"Good year for Aggies"

The blooming of Agapanthus means Christmas must be near.
Sunday, 06 December 2020     

Agapanthus praecox in my driveway

The blooming of Agapanthus - sometimes known as the lily of the Nile - means Christmas must be near. When I was growing up, we always seemed to have big vases of them in the house at Christmas time, often mixed in with some stems of NSW Christmas bush Ceratopetalum gummiferum)- a pretty combination! Perhaps because we received some good rain in winter and early spring, this year seems to have been an exceptionally good one for Agapanthus, as they are everywhere at the moment, and our long driveway (which is never watered or fertilised) has a mighty battalion of their nodding blue and white heads. Passing schoolchildren (and bored louts prowling around at night) seem to enjoy decapitating the blooms with sticks.

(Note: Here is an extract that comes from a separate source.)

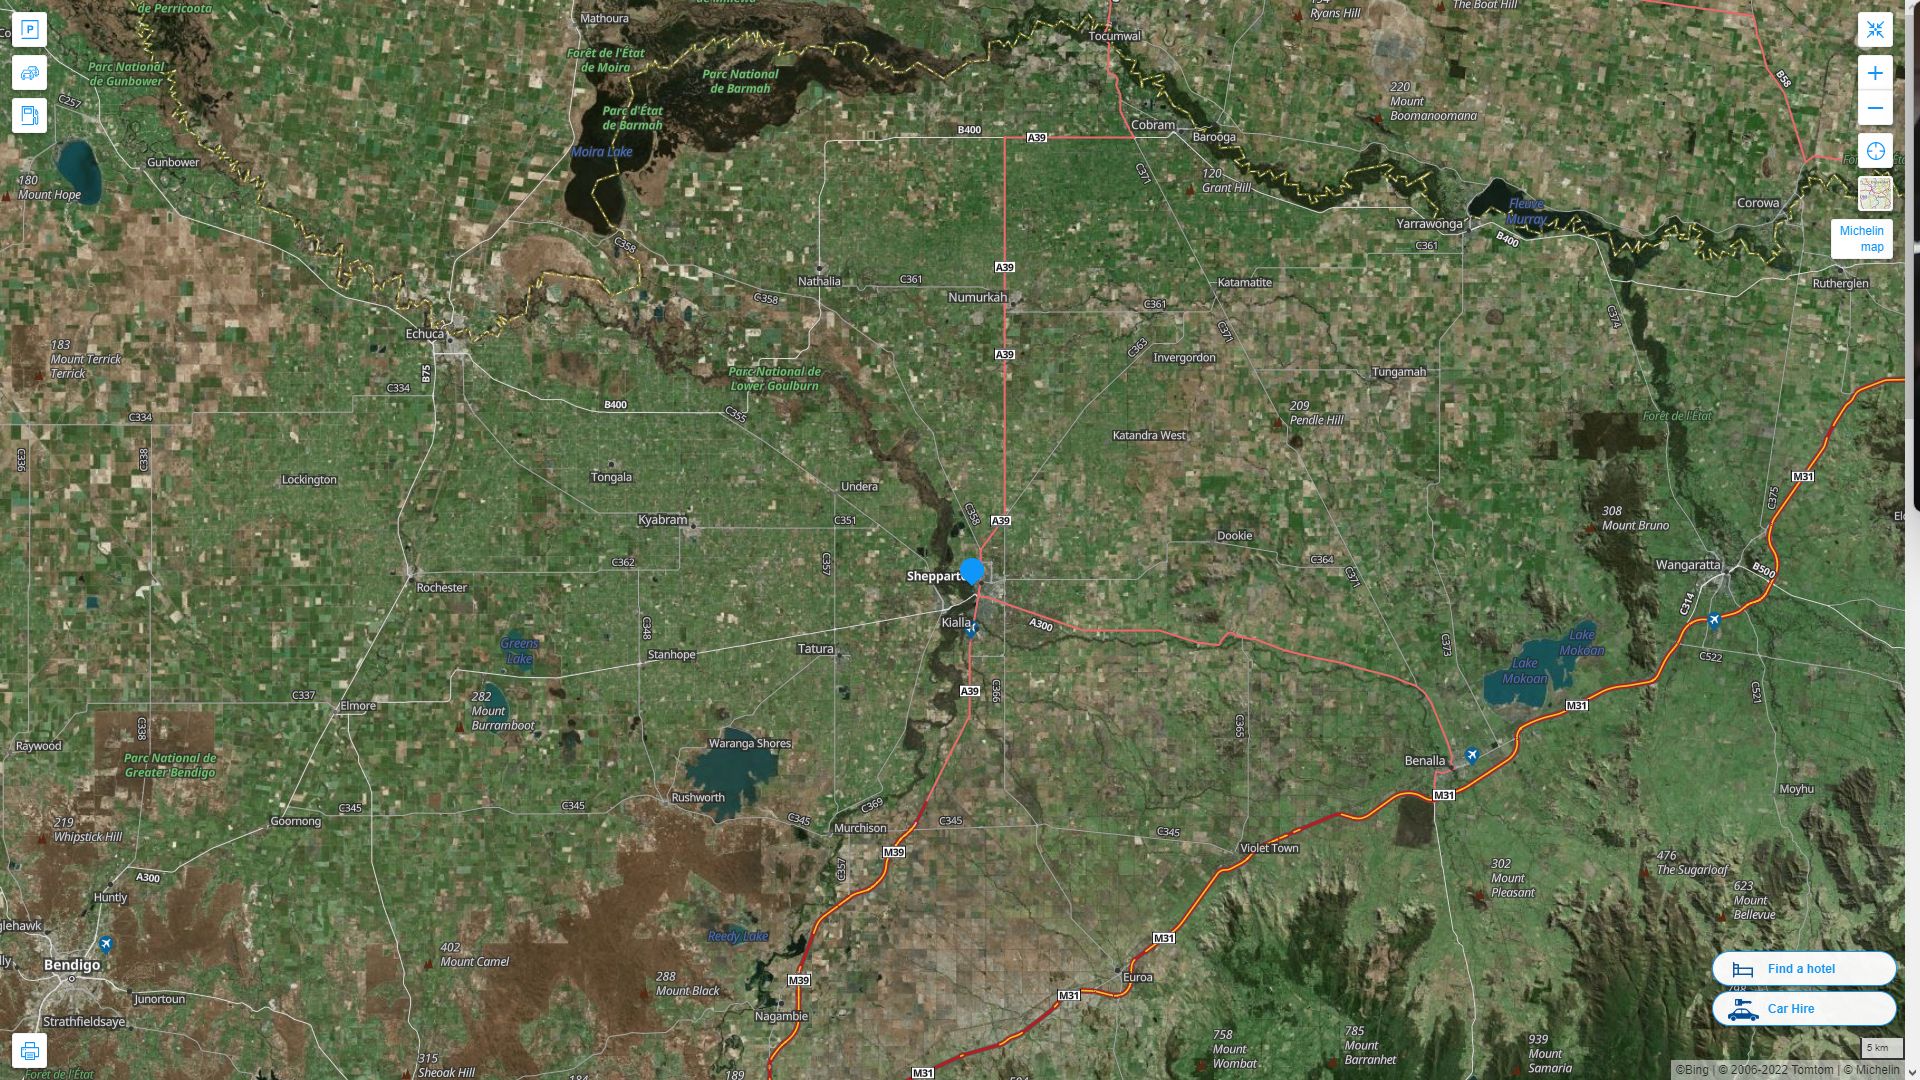 Shepparton Highway and Road Map with Satellite View

They are a classic easy plant for Sydney and shouldn't be just relegated to hopeless, horrid places in the garden where nothing else will grow. They flower best in a sunny place and look most effective when massed. They grow quickly to form big clumps. Even in semi-shade, they may bloom and if not, the foliage still makes for lush greenery. Try them in colour-themes gardens: white Agapanthus are lovely nearby white variegated foliage (such as Miscanthus sinensis 'Variegatus' or when teamed with sultry purple-black flowers or foliage: Hemerocallis 'Black Ambrosia' or Euphorbia cotinifolia, for example. Blue versions look beautiful grown beneath Jacaranda trees (where they will cope well with the root competition), or with the lime-green fresh foliage of Duranta 'Sheena's Gold' or the yellow-striped leaves of Canna 'Striata'. They are also effective grown nearby to yellow or orange Dahlia cultivars .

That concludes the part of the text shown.